# Overview of Parallelism

In this session, before diving into parallel processing, we will take an overall look at the various parallelism techniques.


## 1. Parallelism

Parallelism refers to techniques that process multiple tasks simultaneously and is one of the most important concepts in large-scale modeling. In machine learning, it is mainly used to parallelize computation across multiple devices in order to improve speed and memory efficiency.

<br><br>


## 2. Data Parallelism

Data parallelism is a technique used to speed up training by processing data in parallel when the dataset is large. It works by replicating the model on every device and feeding different data to each device. As a result, the effective batch size can be increased proportionally to the number of devices. However, data parallelism is only possible when a single model can fully fit on one device.

![](../images/data_parallelism.png)

<br><br>


## 3. Model Parallelism

If a model is too large to fit entirely on a single device, its parameters must be split and placed across multiple devices.

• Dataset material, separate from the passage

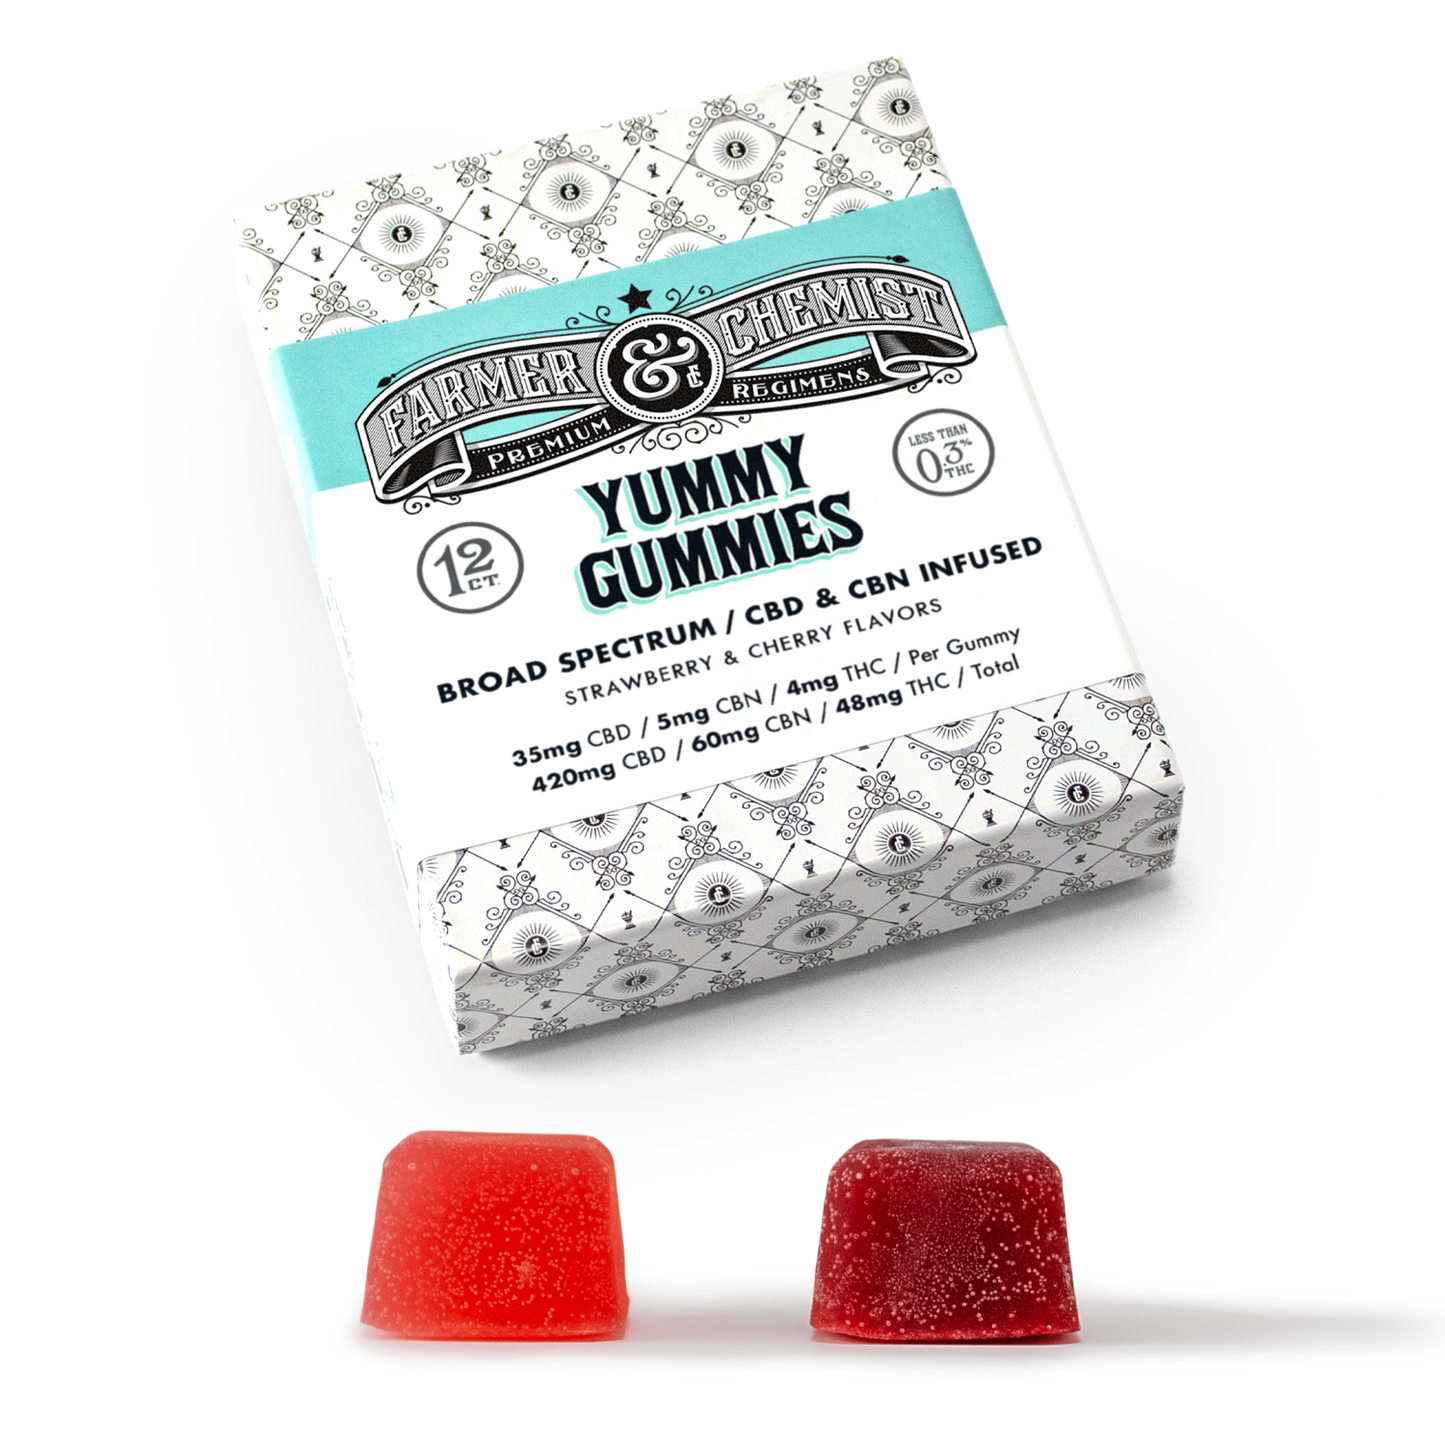 YUMMY GUMMIES - 12ct 35mg CBD / 5mg CBN / 4mg THC Gummies

As a result, each device holds only a portion of the model’s parameters. This makes it possible to handle very large models using multiple smaller devices. Depending on the dimension along which the model is parallelized, model parallelism can be classified into **inter-layer** and **intra-layer** parallelism.

![](../images/model_parallelism.png)

### Inter-layer Model Parallelism
Inter-layer model parallelism splits the model based on layers. For example, layers 1, 2, and 3 can be assigned to GPU 1, while layers 4 and 5 are assigned to GPU 2. A representative example of this approach is Google’s **GPipe**.

![](../images/inter_layer.png)

### Intra-layer Model Parallelism
Intra-layer model parallelism splits tensors themselves regardless of layer boundaries. For instance, if a parameter tensor has a shape of `[256, 256]`, it can be split into `[128, 256]` or `[256, 128]`. A representative example of this approach is NVIDIA’s **Megatron-LM**.

![](../images/intra_layer.png)

### Pipeline Parallelism
Pipeline parallelism is a model parallelism technique designed to address the drawbacks of inter-layer model parallelism. When using inter-layer model parallelism, there is an inherent execution order among GPUs. For example, if layers 1, 2, and 3 cannot be executed, then layers 4 and 5 cannot be executed either. As a result, GPU 2 must wait until GPU 1 finishes its computation.

![](../images/pipeline_parallelism.png)

<br>

This is highly inefficient. Even though multiple GPUs are available, only one GPU is effectively utilized at a time. To solve this problem, pipeline parallelism overlaps computations in a pipelined manner, as illustrated below. (Sounds complicated, right? We’ll explain this in detail later.)

<br>

![](../images/pipeline_parallelism2.png)

<br><br>


## 4. Multi-dimensional Parallelism

The various parallelization techniques mentioned above can be applied simultaneously, and the dimensionality increases depending on how many types of parallelism are combined. As shown below, n-dimensional parallelism can be achieved in different ways.

- e.g. 2D parallelism: Data parallelism + inter-layer parallelism  
- e.g. 2D parallelism: Data parallelism + intra-layer parallelism  
- e.g. 3D parallelism: Data parallelism + intra-layer parallelism + pipeline parallelism  

![](../images/parallelism.png)

This type of multi-dimensional parallelism is currently one of the most popular approaches in large-scale model training. In addition to the methods mentioned above, there are other techniques such as **ZeRO**, which will be explained in detail in a later chapter.